In the U.S., S&P Global has released early estimations of its Purchasing Managers’ Indexes (PMI) for both the services and manufacturing sectors. The gauge of manufacturing activity surpassed expectations, rising to 51.5, marking its highest level in 17 months, partly bolstered by an uptick in export orders. Conversely, business activity in the services sector eased slightly, with the PMI pulling back to 51.3 from January’s 52.5. Nonetheless, the latest services PMI reading stayed above 50, the threshold between expansion and contraction, signalling continued growth in activity.

According to the recently released minutes from the Federal Reserve’s last meeting, officials expressed a cautious approach towards cutting interest rates and emphasized both optimism and concerns regarding inflation. The majority of policymakers highlighted the uncertainty surrounding the duration of maintaining current borrowing costs, underscoring the need for a careful assessment of the monetary policy stance necessary to achieve the Fed’s 2% inflation target. While there was a sense of optimism regarding the effectiveness of the Fed’s measures in reducing inflation rates, there was a consensus among officials to await further evidence before considering policy adjustments, although indications suggested that future rate hikes are unlikely. Despite reports indicating a gradual return of inflation towards the Fed’s 2% target before the meeting, the committee viewed some progress as temporary and urged a careful assessment of incoming data to determine long-term inflation trends.

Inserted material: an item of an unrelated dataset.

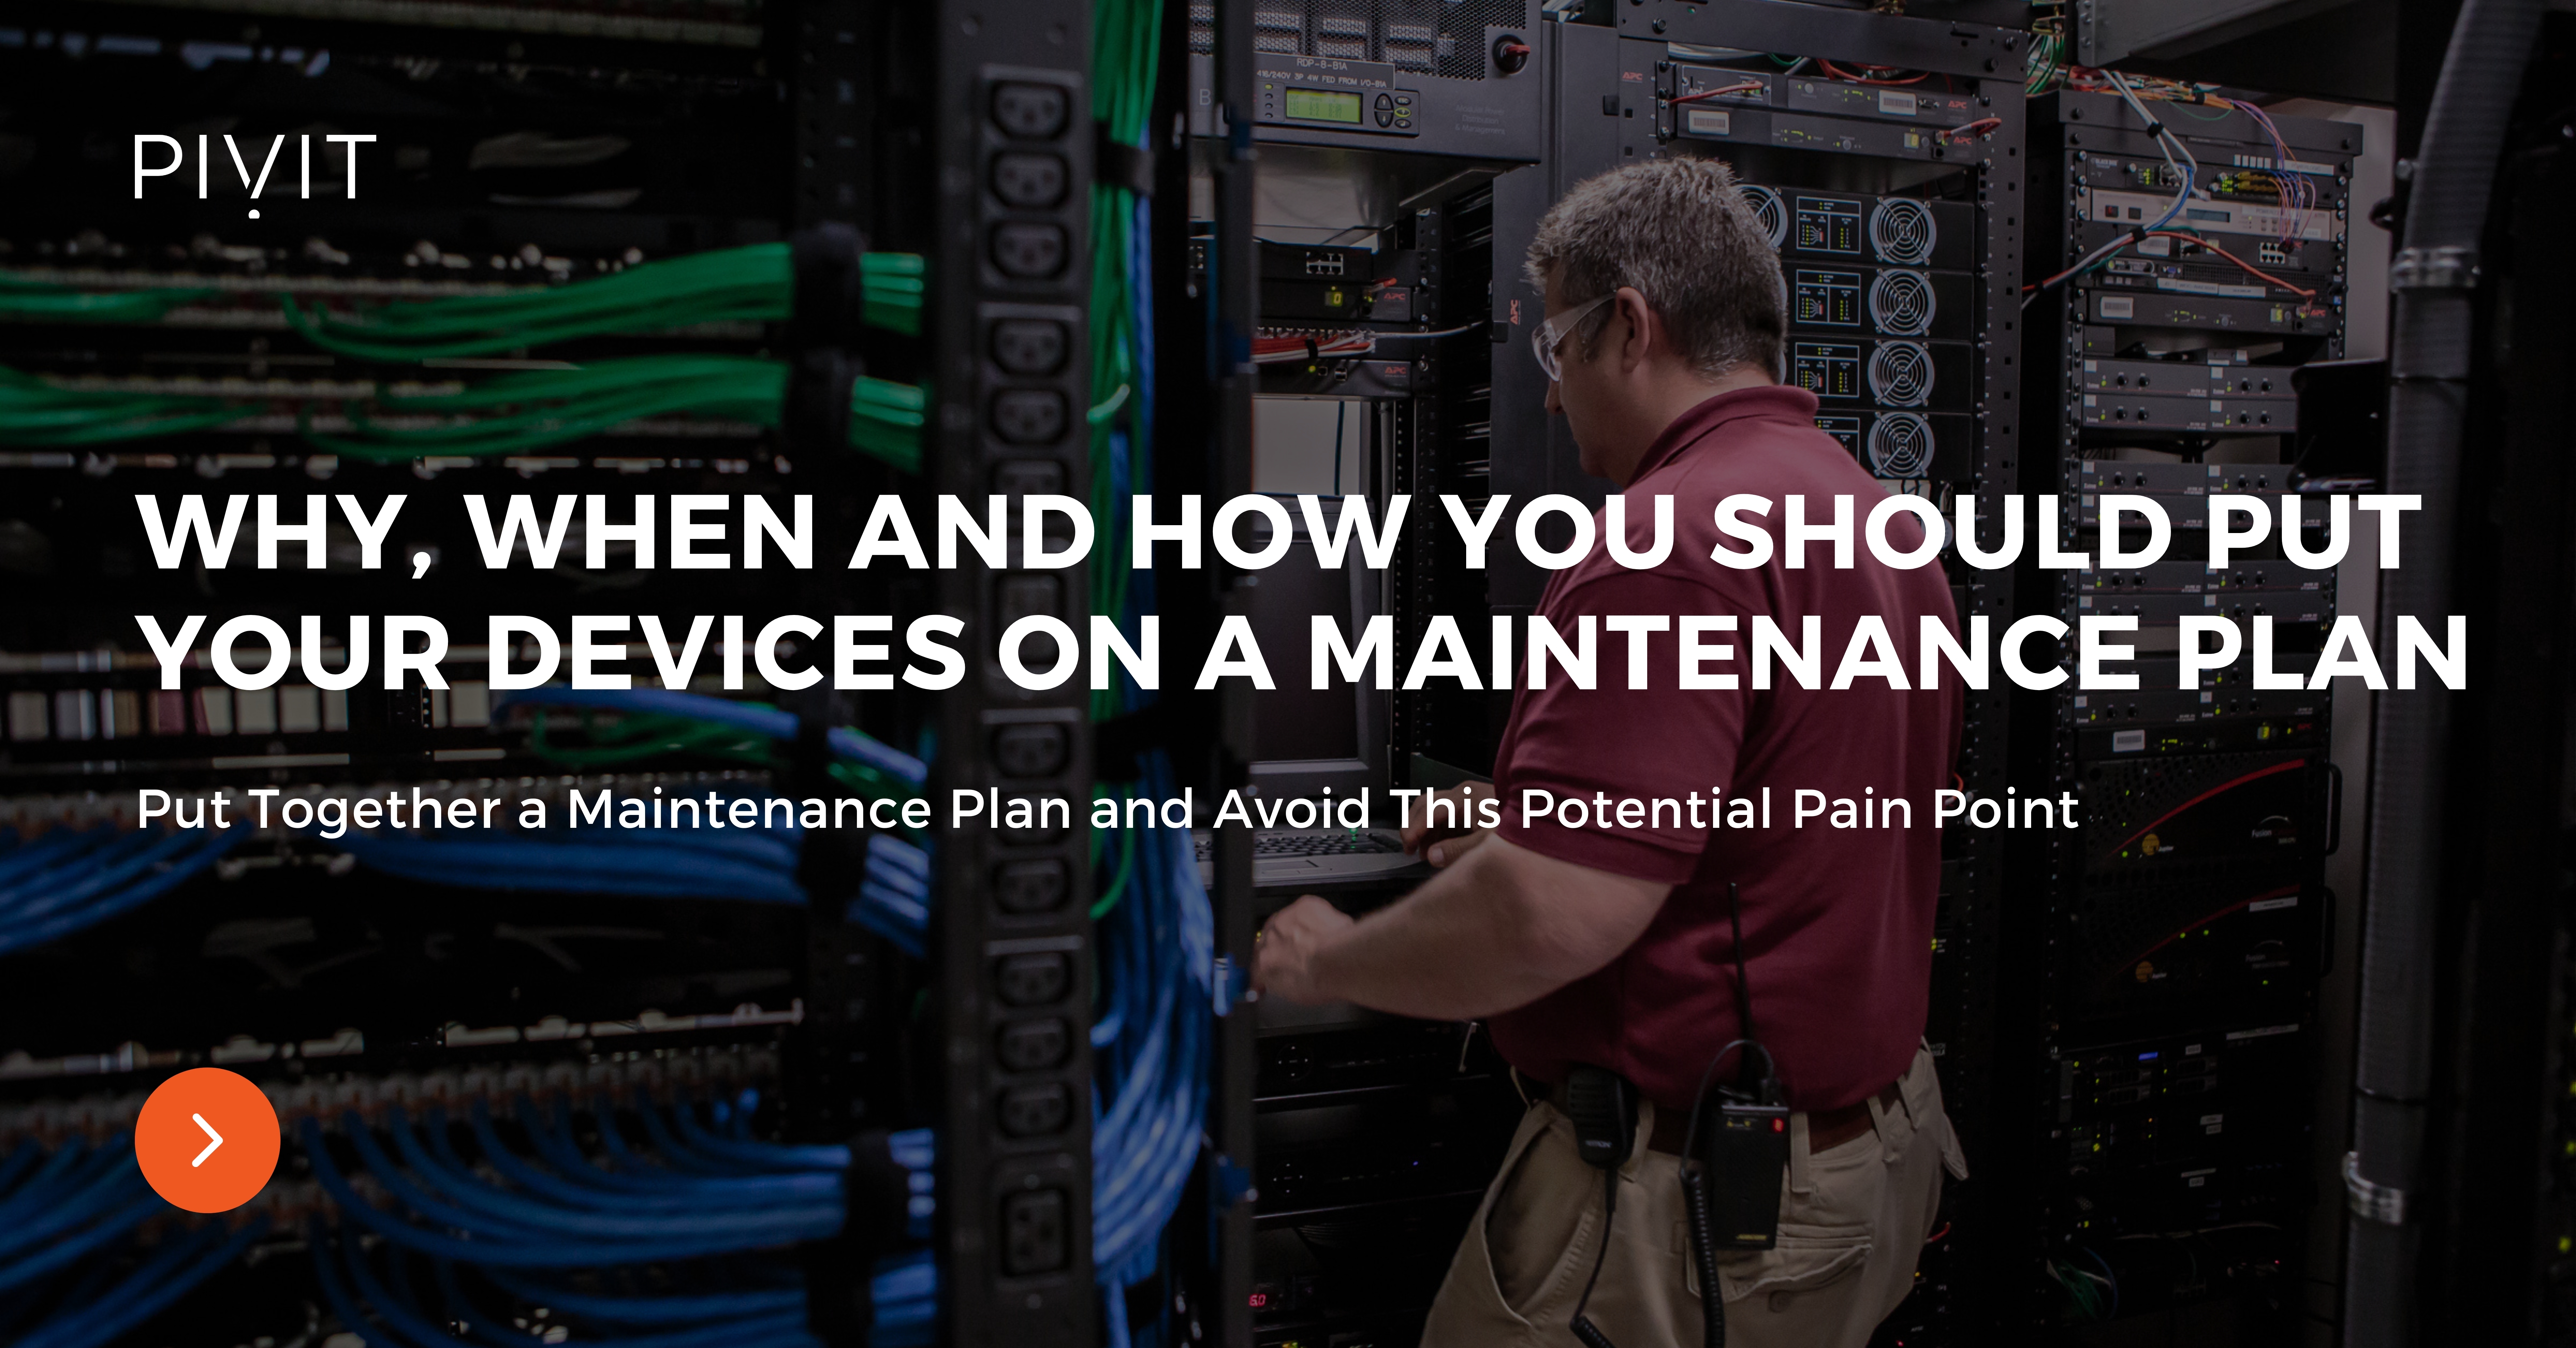 Why, When and How You Should Put Your Devices on a Maintenance Plan - Put Together a Maintenance Plan and Avoid This Potential Pain Point

In February, the UK experienced faster economic growth, as indicated by early PMI survey data, marking the most rapid business activity expansion in nine months. The headline indicator of economic growth, the seasonally adjusted S&P Global UK Composite Output Index derived from the flash PMI surveys, increased from 52.9 in January to 53.3 in February. This upward trend reflects sustained output growth for the fourth consecutive month, following a three-month decline. Presently, the PMI level broadly suggests GDP expansion.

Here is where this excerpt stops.